**EXERCISE REQUIREMENTS:** Omit all pictures, then repeat the listing exactly.
(Beginning of INPUT DATA)
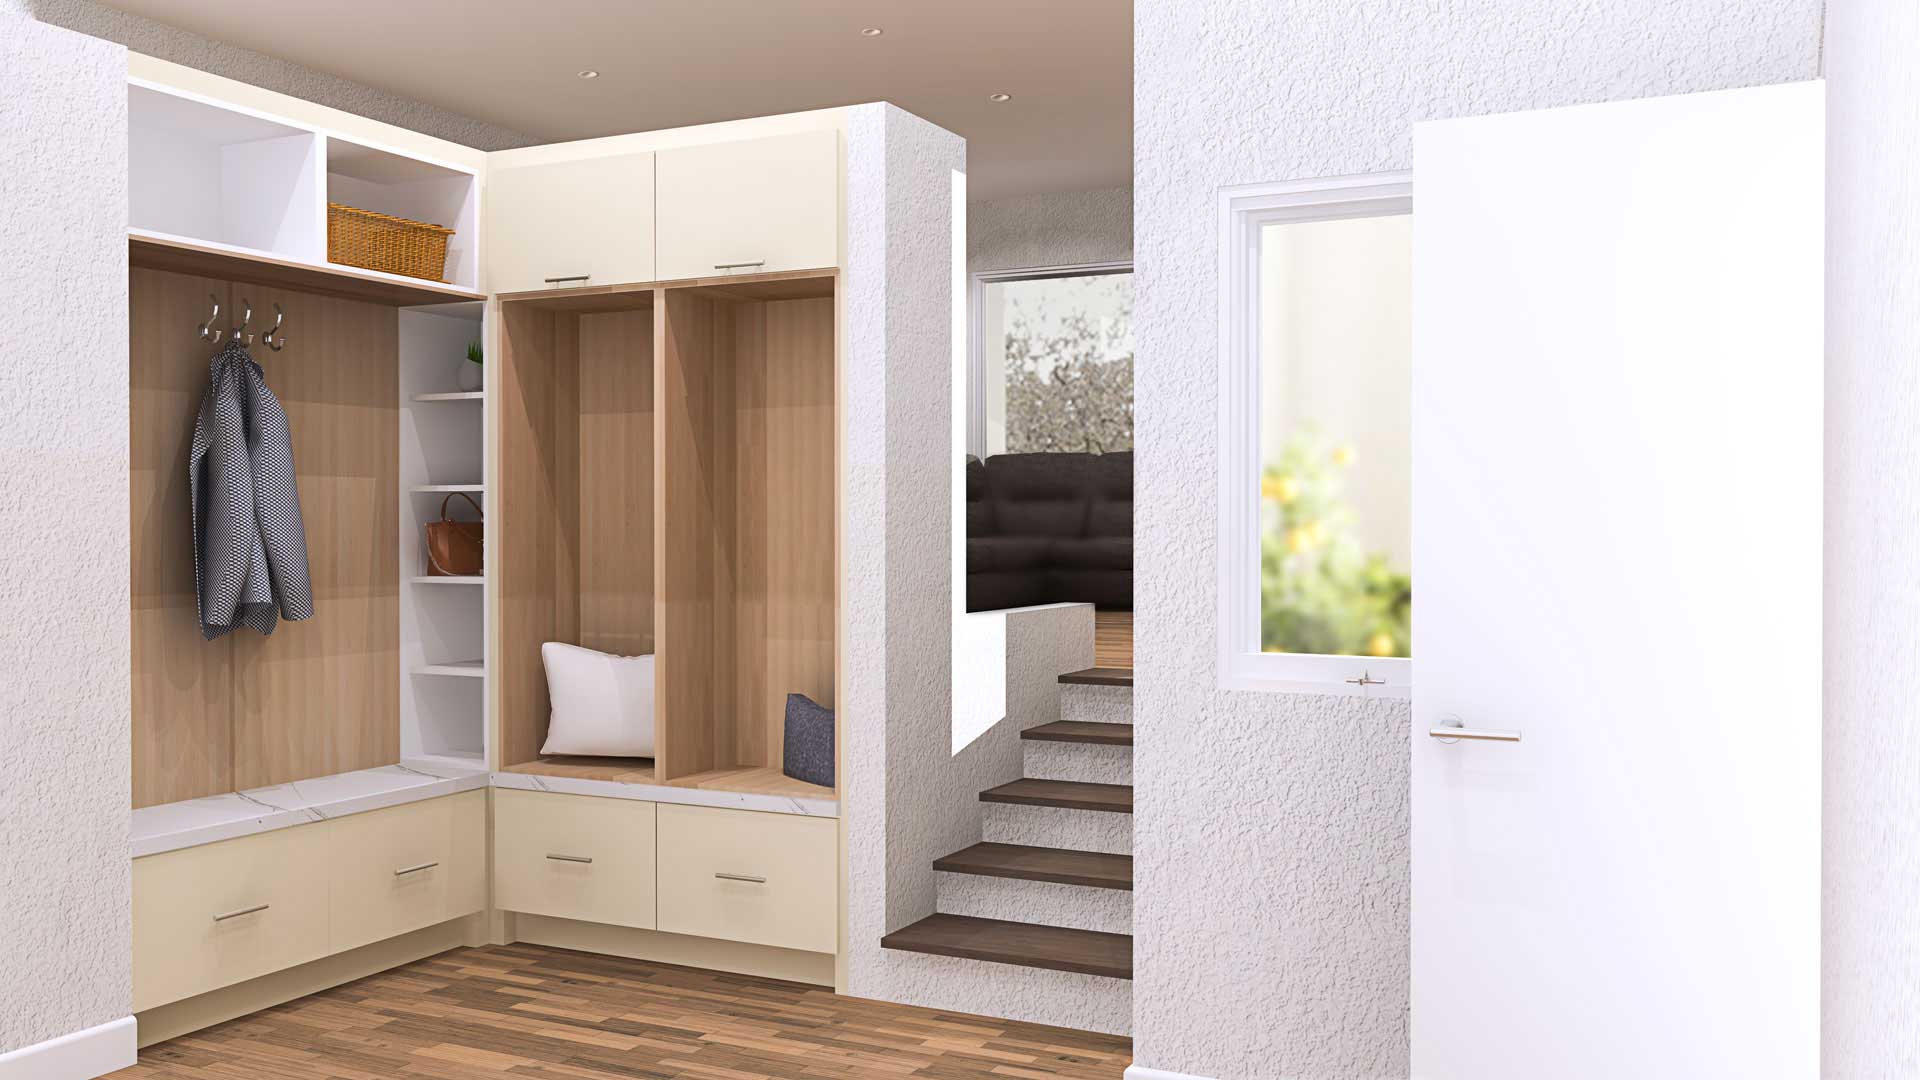 IKEA mudroom design concept and featured image
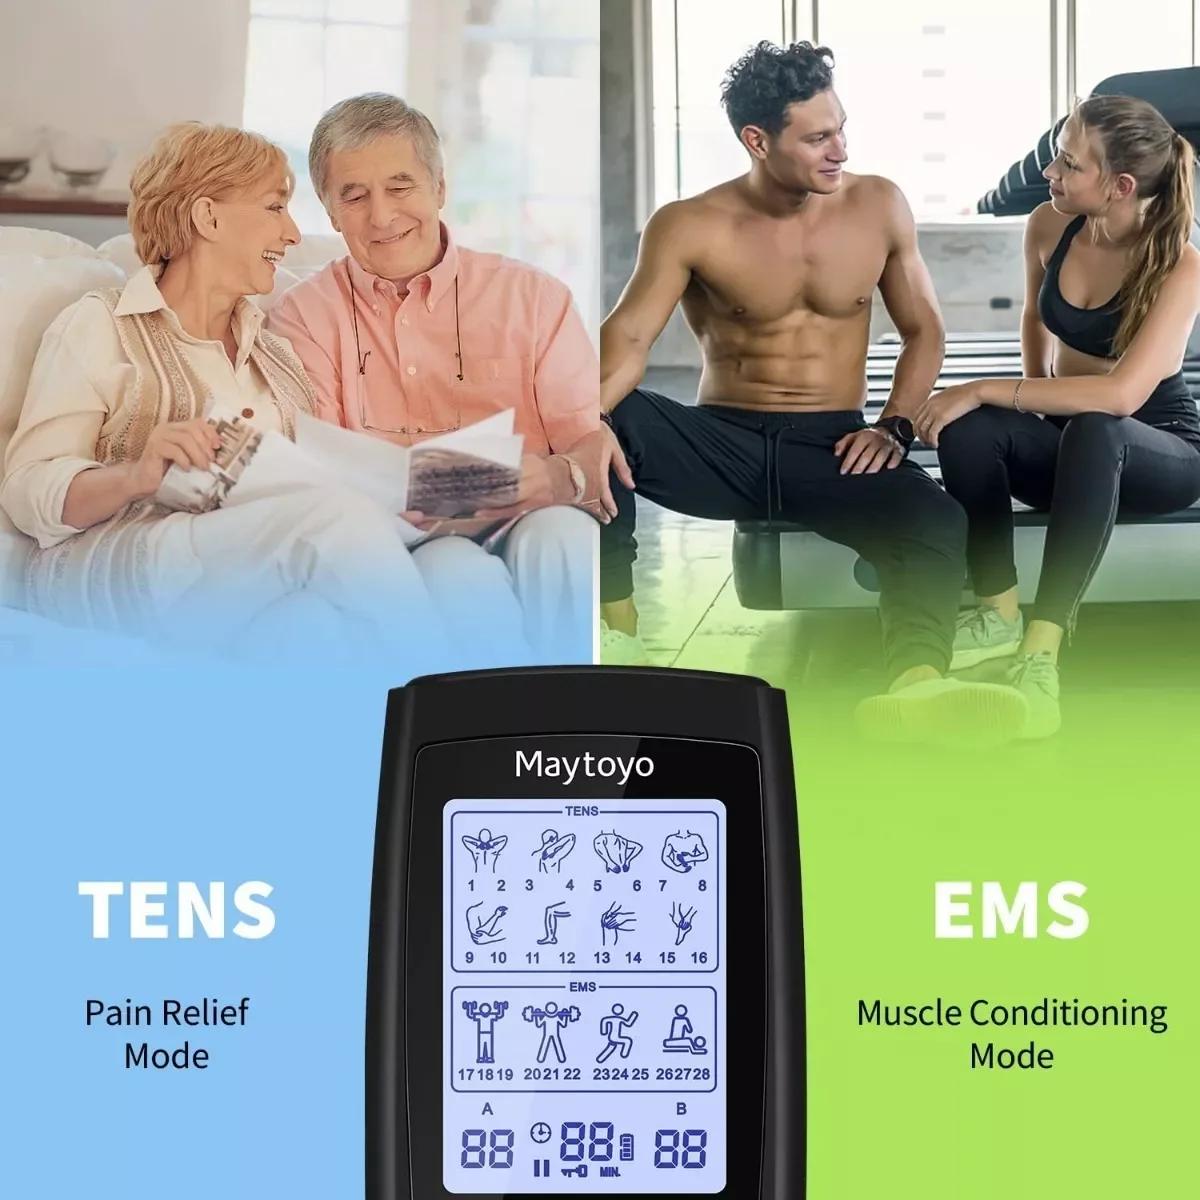 https://ae01.alicdn.com/kf/S204d39f095304e85b3eca71f81e68372G/TENS-EMS-Unit-Muscle-Stimulator-for-Pain-Relief-Therapy-Electric-28-Modes-Massager-with-Continuous-Stable.png
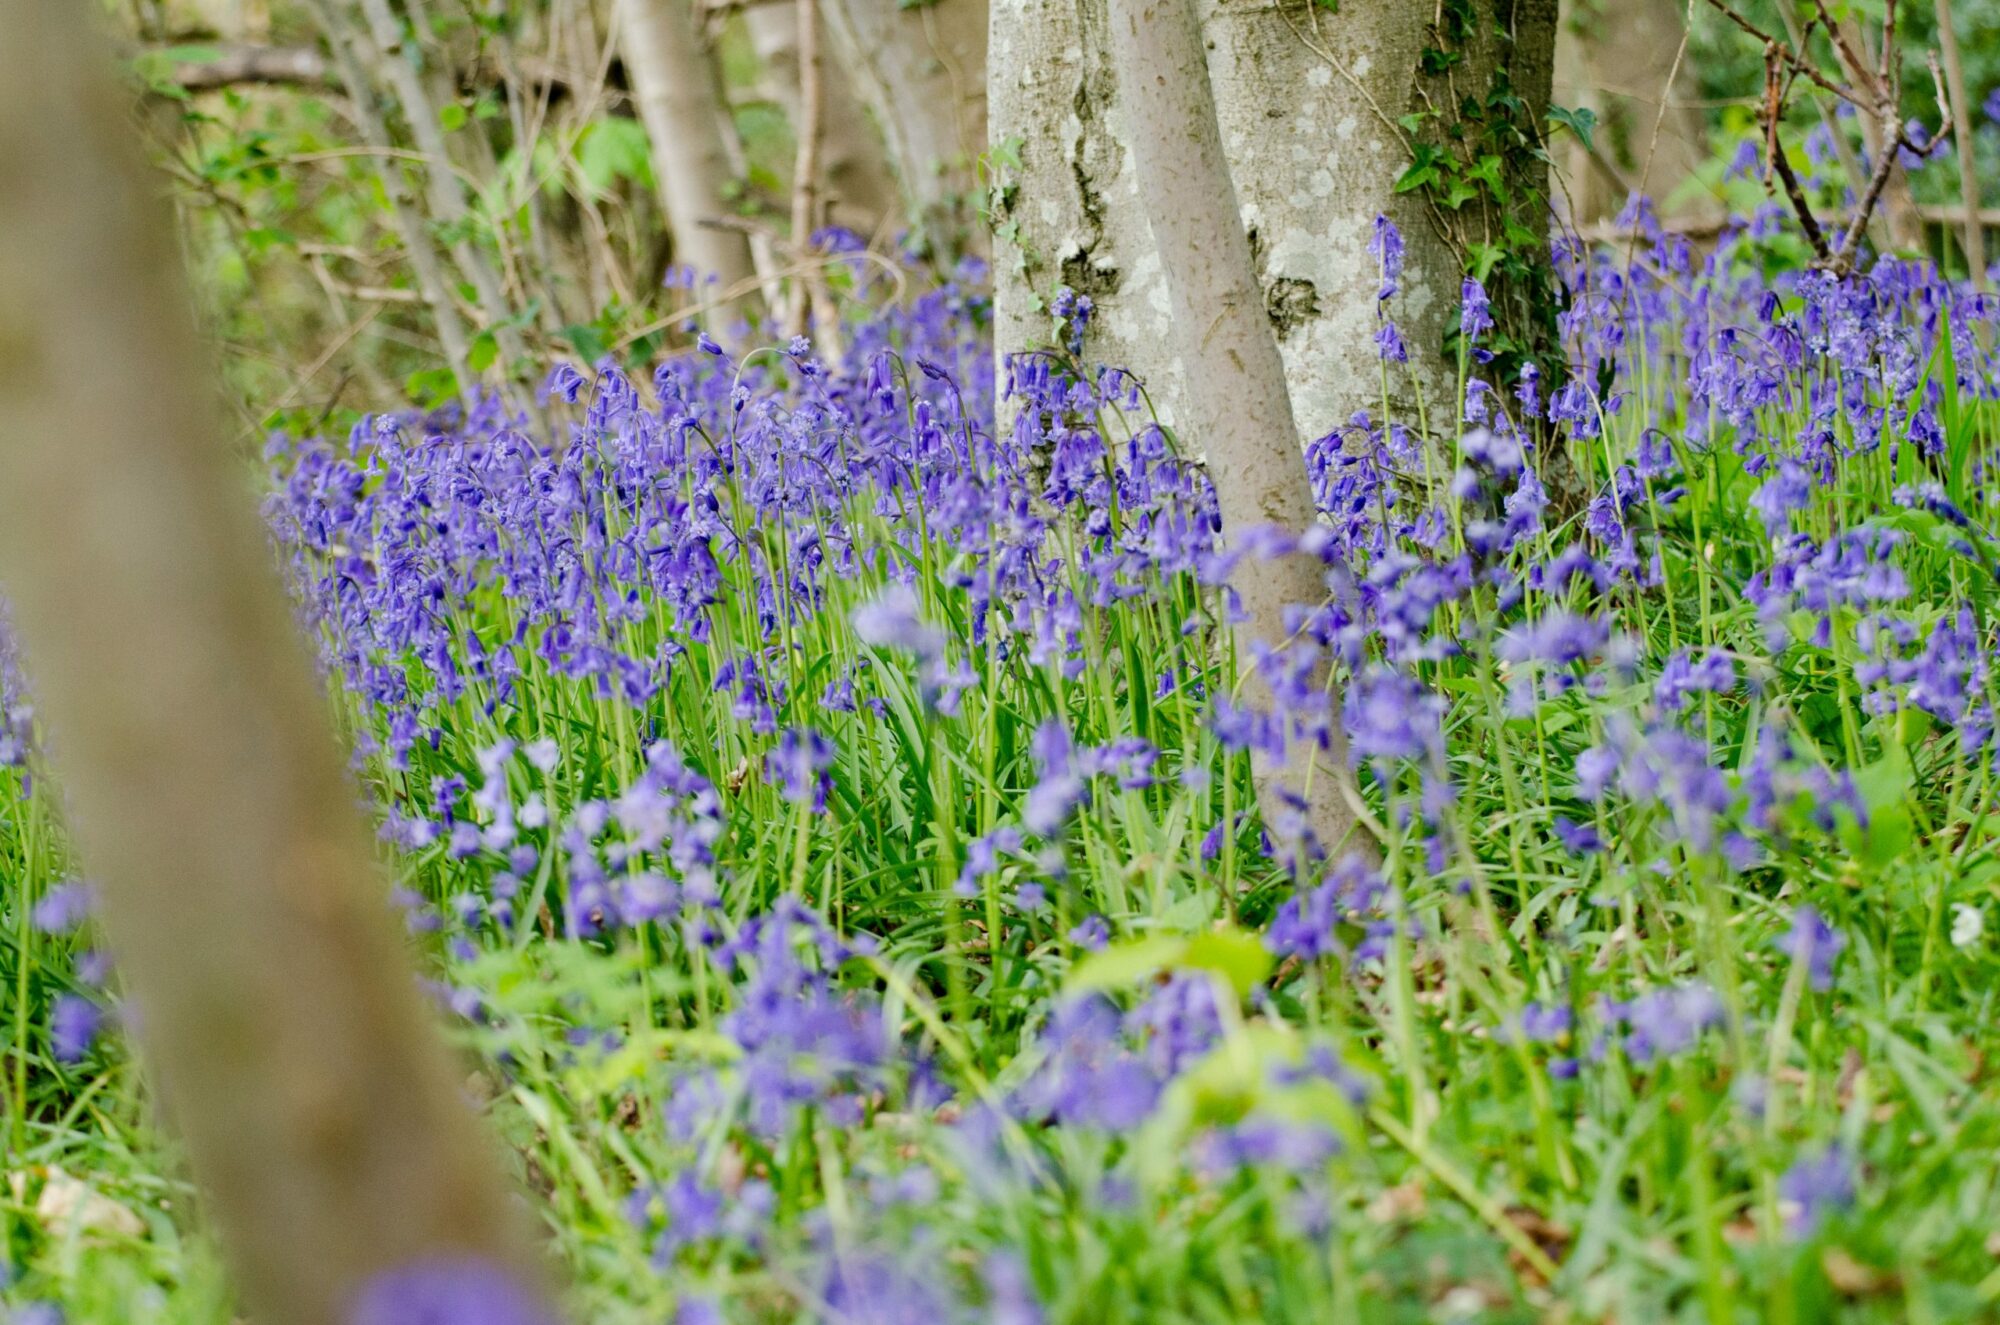 Image name Bluebells Josh Raper Conservation Media 5 scaled 1 the 11 image from the post Walking, Wellbeing and Wildlife in Yorkshire.com.
(End of INPUT DATA)
**FINISHED EXERCISE:**
 IKEA mudroom design concept and featured image
 https://ae01.alicdn.com/kf/S204d39f095304e85b3eca71f81e68372G/TENS-EMS-Unit-Muscle-Stimulator-for-Pain-Relief-Therapy-Electric-28-Modes-Massager-with-Continuous-Stable.png
 Image name Bluebells Josh Raper Conservation Media 5 scaled 1 the 11 image from the post Walking, Wellbeing and Wildlife in Yorkshire.com.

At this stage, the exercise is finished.